Thursday, February 20, 2014

"Tie Cutter"

One thing I'm learning the older I get is that I value friendships more than I realize and need to be a better friend.  After having a great conversation with a new found friend, it was refreshing to finally put a word to what I have experienced my entire life.  In fact, to borrow on her terminology, I am a tie cutter.  Let me elaborate on that.

Over the years I have focused so much on racing to the finish line of marriage.  Therefore, it was a waste of time to have girl friends when I was working on dating boys (more of this in my book).  Ironically, girls were the culprit of many more heartbreaks and tears as I had built friendships and lost them just as quickly as they started at a young age.  They were my best friends one-on-one, but popularity won their hearts when we were in a crowd.  

I vividly remember sitting in the cafeteria during elementary school while one of my best friends and fellow girl scouts (yes, I was a girl scout) laughed at me and labeled me something that stuck with me my entire life.  She planted the seed of insecurity as she pinpointed a physical flaw and to this day I see it every time I look in the mirror.

On top of the name callers, there were the boyfriend stealers. These girls would listen to me pour out my soul regarding my recent heart throb and somehow would be swinging side-by-side on the playground with them the same week.  This carried into middle school as I found myself weeping in the restroom when my biggest crush was caught dancing with another friend at formal.

Silly?  Yes, I know.  However, it was a HUGE deal when you are 13, wearing braces for the first time, half the size of the other girls, and going through adolescence.  

Then, there were the protectresses.  These loving women were some of the only friends I ever had.  They told me what I needed to hear rather than what I wanted.  They were a shoulder to cry on when things went wrong and had my back to protect me from the next storm.  But as I mentioned before, my boycrazy self couldn't see the truth and pushed these girls away thinking they were trying to swoop in to take my latest boy rather than being grateful for their words of kindness.

Once in college, I was thankful to be away from the cattiness that had laced my childhood.  I thought finally I was going to get away from the drama.  Much to my surprise, college wasn't much different.  My first couple of semesters were something I pretty much blocked from my head.  Being blinded by what I thought was actually the real deal, I allowed myself to be entirely consumed in playing house.  Girls didn't fit into my family.

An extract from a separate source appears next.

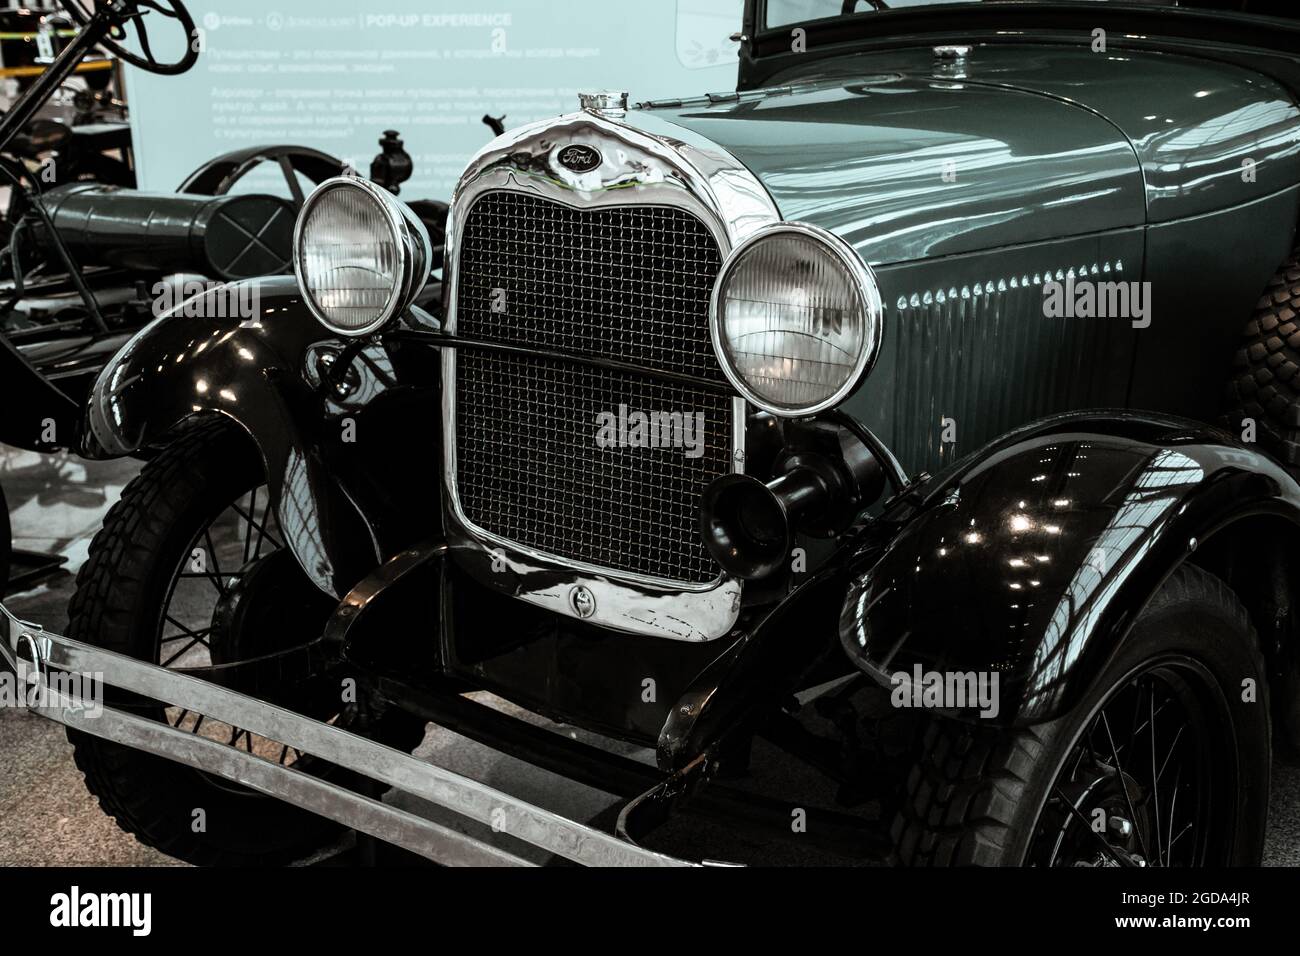 4. Juni 2019, Moskau, Russland: Fahrzeuggrill und Scheinwerfer des amerikanischen Autos Ford A Phaeton 1929. Klassische Retro-Autos der 1920er Jahre. Stockfoto

Even as an adult I found myself next to the side choosers.  You know how it happens. You start dating someone, find other couples and friends to hang out with, split ways, and your friends are forced to choose between which "side" they will reside.  Unfortunately, I lost out on a lot of these friendships because I made little to no effort to nourish the relationship with them.

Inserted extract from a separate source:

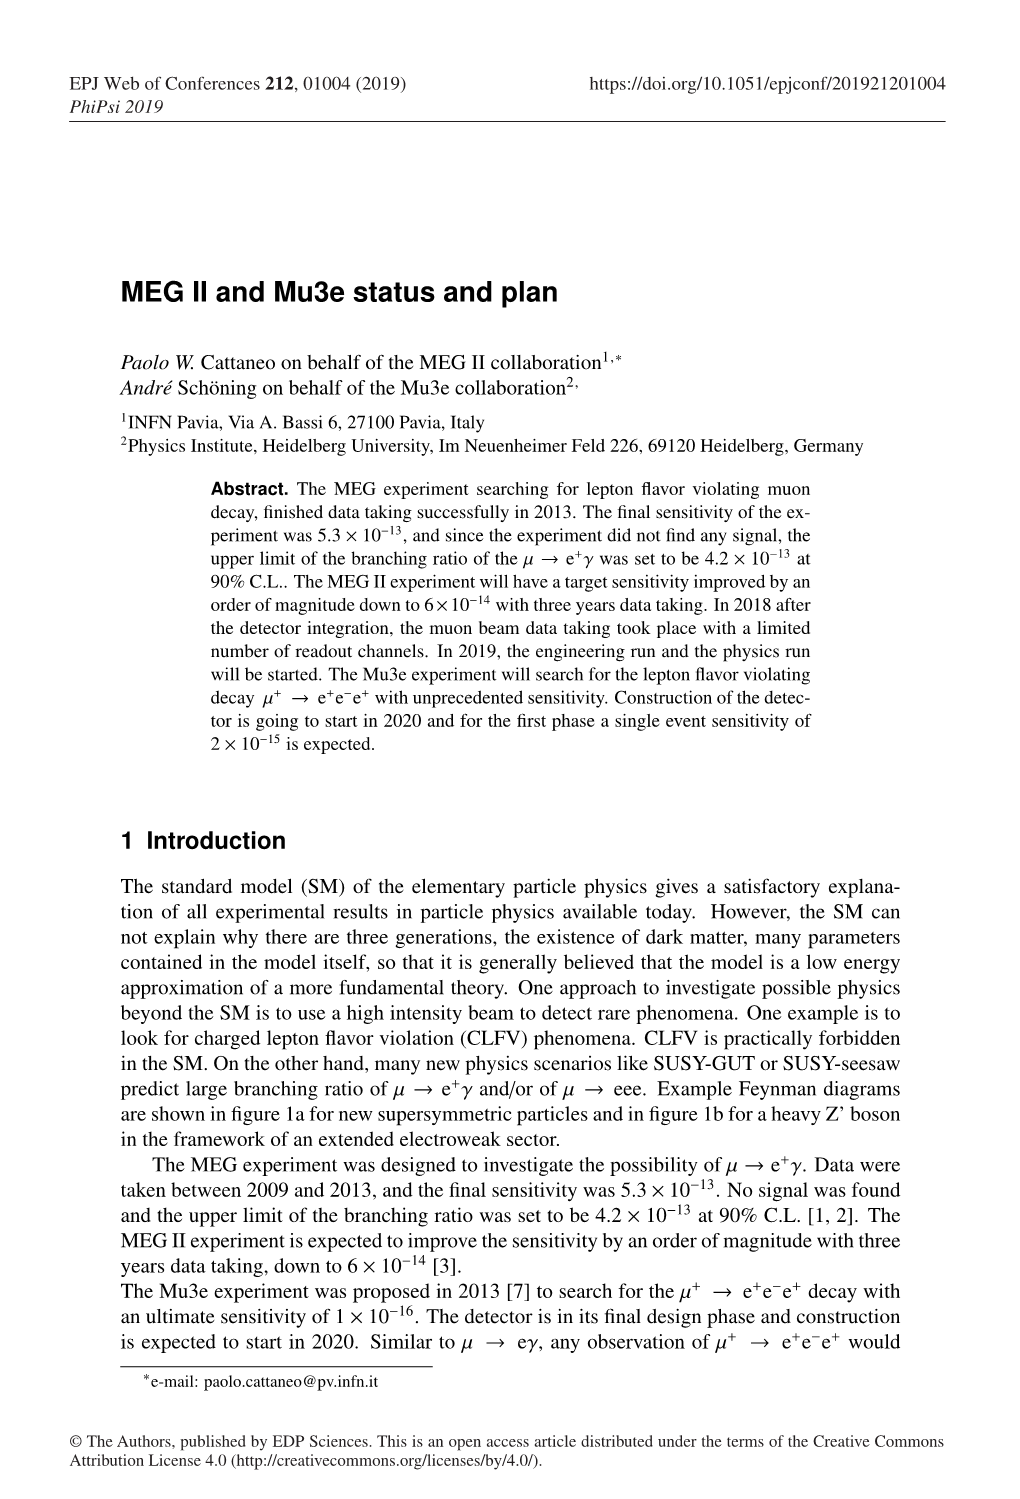 MEG II and Mu3e Status and Plan

After finally settling down at the finish line of marriage with the love of my life, you would have thought things would have changed.  But, there were still obstacles of being at different stages in life with those around me.  The single friends did the single thing, the new couples were in the their own newlywed phase, the married folks were quickly starting a family, and I slowly lost the common threads that had tied me to each of my friends.

I cut ties.

After years of this uphill climb, I finally gained the perspective I needed.  On the other side of things, it is easy to see that God created us to be relational-something I pride teaching to others yet overlooked in my personal life.  I mean, let's be honest.  I am very selfish with my free time.  After years of living on separate schedules, the time I have with my husband now is incredibly sacred.  I know what I missed out on and value every second of time we get together.  Therefore, to share any amount of time with others is very difficult for me.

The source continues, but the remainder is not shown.